Today, 20 years after G78 was founded, it is appropriate to ask how justified we were inputting our faith in the development of a global security system centred on the UN, Up to the present, it is a mixed story.
The impetus to make the UN a strong guarantor of international peace faded soon after 1945. The Military Staff Committee of the Security Council which, it must be remembered, was to consist of the Chiefs of Staff of the Permanent Five (P5) members of the Council never came into effective existence. The Cold War, rupturing the assumption of Common Action by the Great Powers, rapidly pushed the security work of the UN down to a level of third-order importance - below the unilateral decisions of the two super-powers, and also below those of NATO and the Warsaw Pact.
The usual account of global security in the period from 1947 to 1989 thus puts East-West mutual deterrence to the fore. There is usually a word about the clear end-run - around the deadlocked Security Council by way of the General Assembly - that made the Korean War, formally, a UN peace operation. But, as the story goes, the important work of the UN in global security really begins in 1956 with the invention of its peace-keeping role. We in Canada vlaued that role highly - Lester Pearson made it ours - but only a hardy minority of Canadians were prepared to assert that the UN was as significant to overall security or to Canadian security as NORAD or NATO.

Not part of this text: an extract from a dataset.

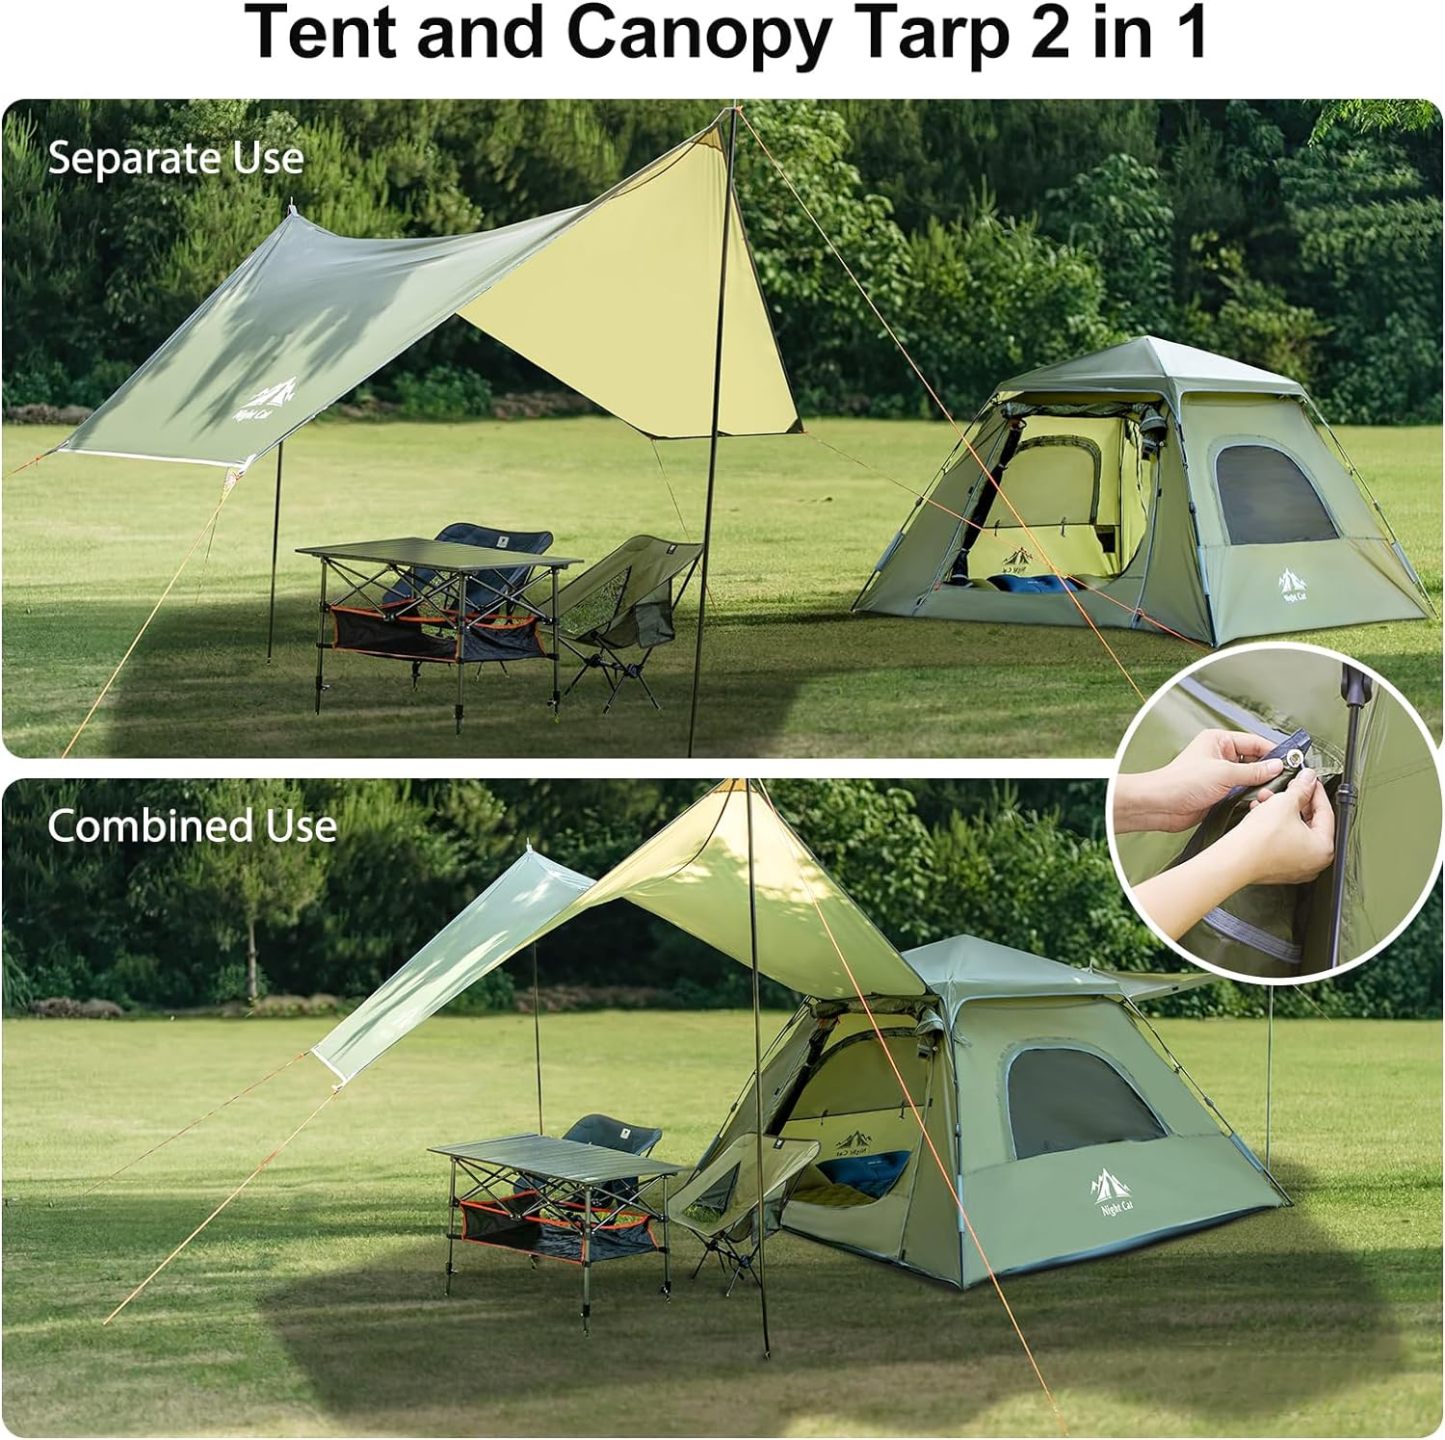 Night Cat Instant Cabin Tent with Canopy Tarp 3 Persons Waterproof Pop Up Tent for Family Camping 2 in 1 Canopy Tent with Porch Automatic Easy Set Up Outdoor

The story of global security loses its Cold War focus in 1989 with the collapse of the Soviet Union and the days leading up to the Gulf War. But there is an episode in the 1960s that does not fit into the accepted narrative; and, if we are to do justice to the UN as a guarantor of security, we should notice it briefly.
Glory days in the Congo
I am referring to the Congo crisis of 1960 to 1963. These were the "glory days" of the UN, if it ever had such days. Dag Hammarskjold was the Secretary-General and that brilliant black American Ralph Bunche was his deputy. If boldness, reasonableness, imagination and dedication were enough to assure success, they were there in abundance. But of course they were not enough.

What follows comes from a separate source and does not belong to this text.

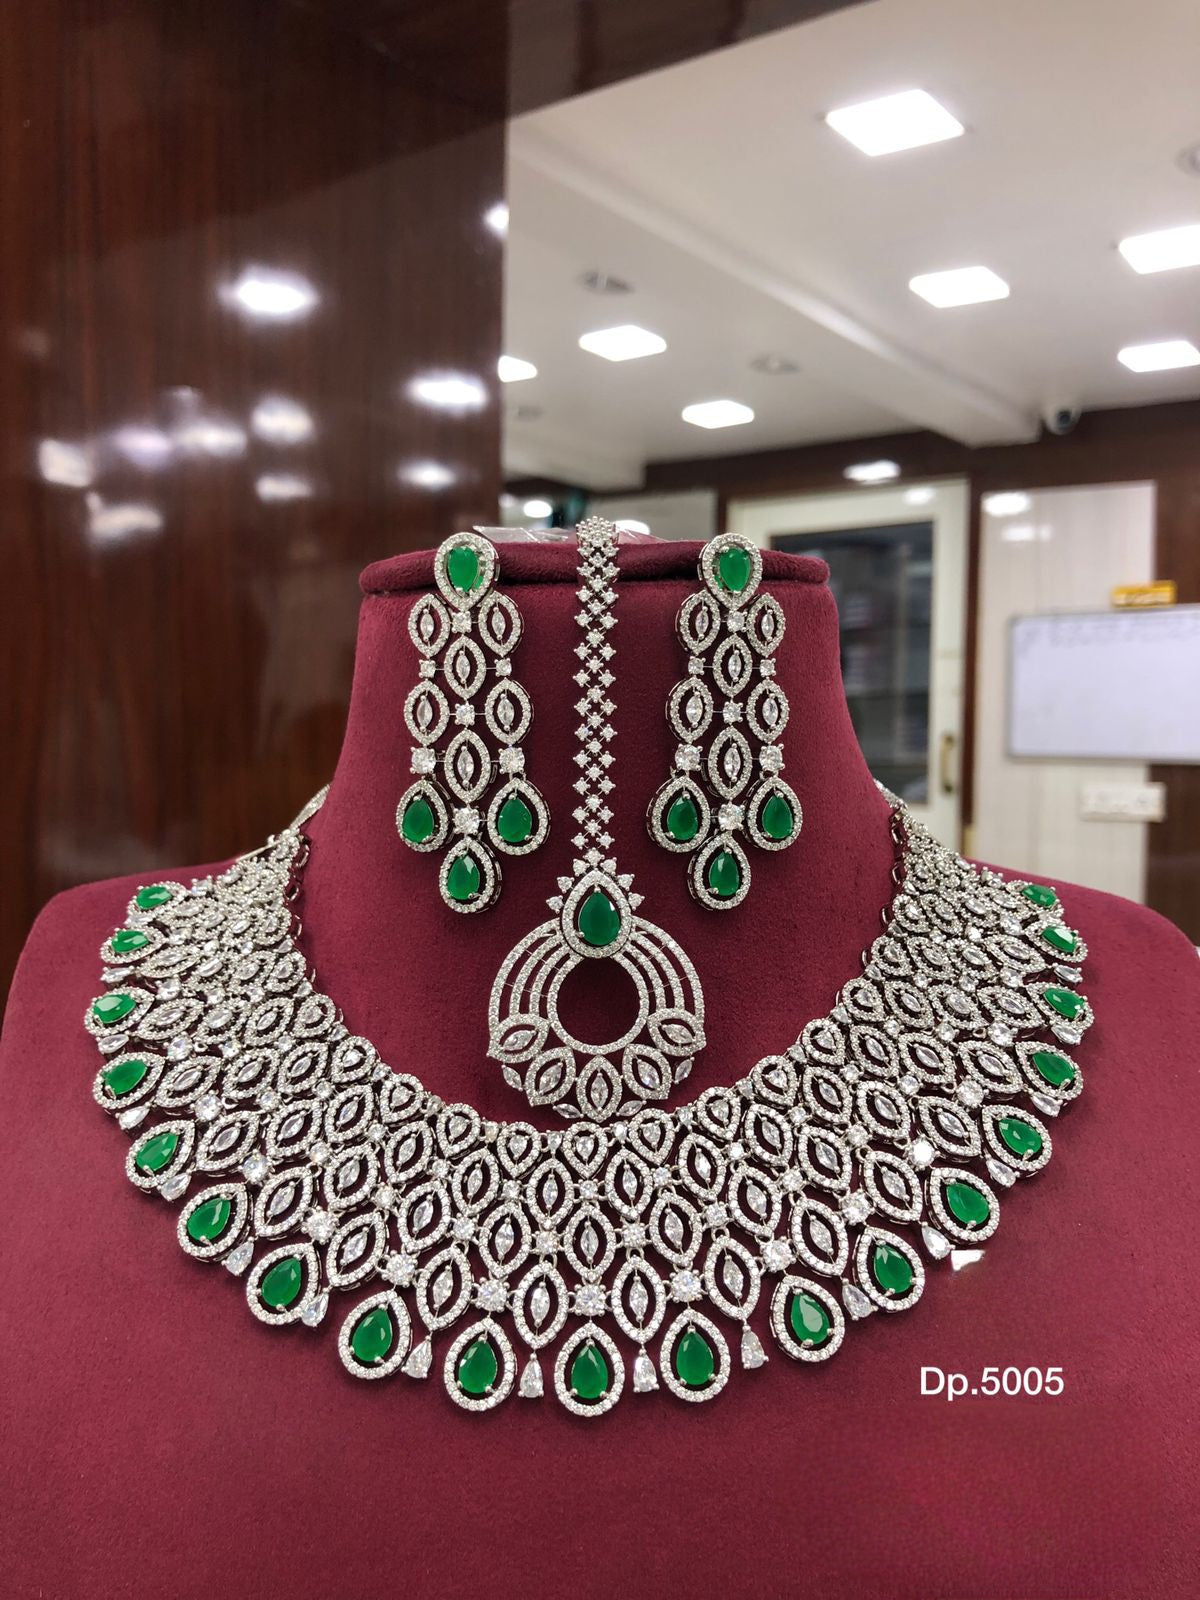 High Quality American diamond Full-bridal Necklace With Earrings and Maangtikka available in silver on rose gold polished/  green on silver polished

Some of you will recall the circumstances. Belgium pulled out of the Congo, leaving nothing to take its place. Chaos descended, and Belgian paratroopers flew back in to rescue nuns and multinational corporations. Patrice Lumumba, the newly elected premier, asked President Eisenhower to help, and Ike remembered there was something called the UN and passed Lumumba on to it.
Hammarskjold's plan, for which he obtained full Security Council approval, including both the US and the USSR, was simple: reinforce and train the new Congolese army (which had thrown out its Belgian officers) and replace the newly returned Belgian paratroopers. The first troops for l'ONUC (L'Organisation des Nations Unies au Congo) were all African: from Ghana, Morocco, Tunisia and Ethiopia. They, and the others who joined them, including Canada, soon had their mandate enlarged to include preventing the secession of the mineral-rich province of Katanga and assuring Congo's political independence. It soon became clear that l'ONUC had been handed a job that Dag Hammarskjold described as "giving first aid to a rattlesnake". Every move the UN made could be, and was, misinterpreted as partisan: the US thought l'ONUC was favouring Lumumba, now cast as a Communist puppet, and the USSR thought it was too soft on the secessionists and their foreign corporate backers.
Lumumba was murdered, Hammarskjold died in a tragic plane crash, secession was halted, and out of the smoke came Mobutu, now a warrior in the fight for world freedom, with carte blanche to create a regime of plunder and oppression to rival that of his 19th century predecessor King Leopold of the Belgians.[1]
Nevertheless, this was much more than peace-keeping, much more than buffering a cease-fire. The UN in the Congo used legitimate force to uphold a UN member government. It was an action that found the Security Council, momentarily, acting in the way the creators of the UN in 1945 expected it would, and the Secretary-General acting as the executive head of the an independent world body.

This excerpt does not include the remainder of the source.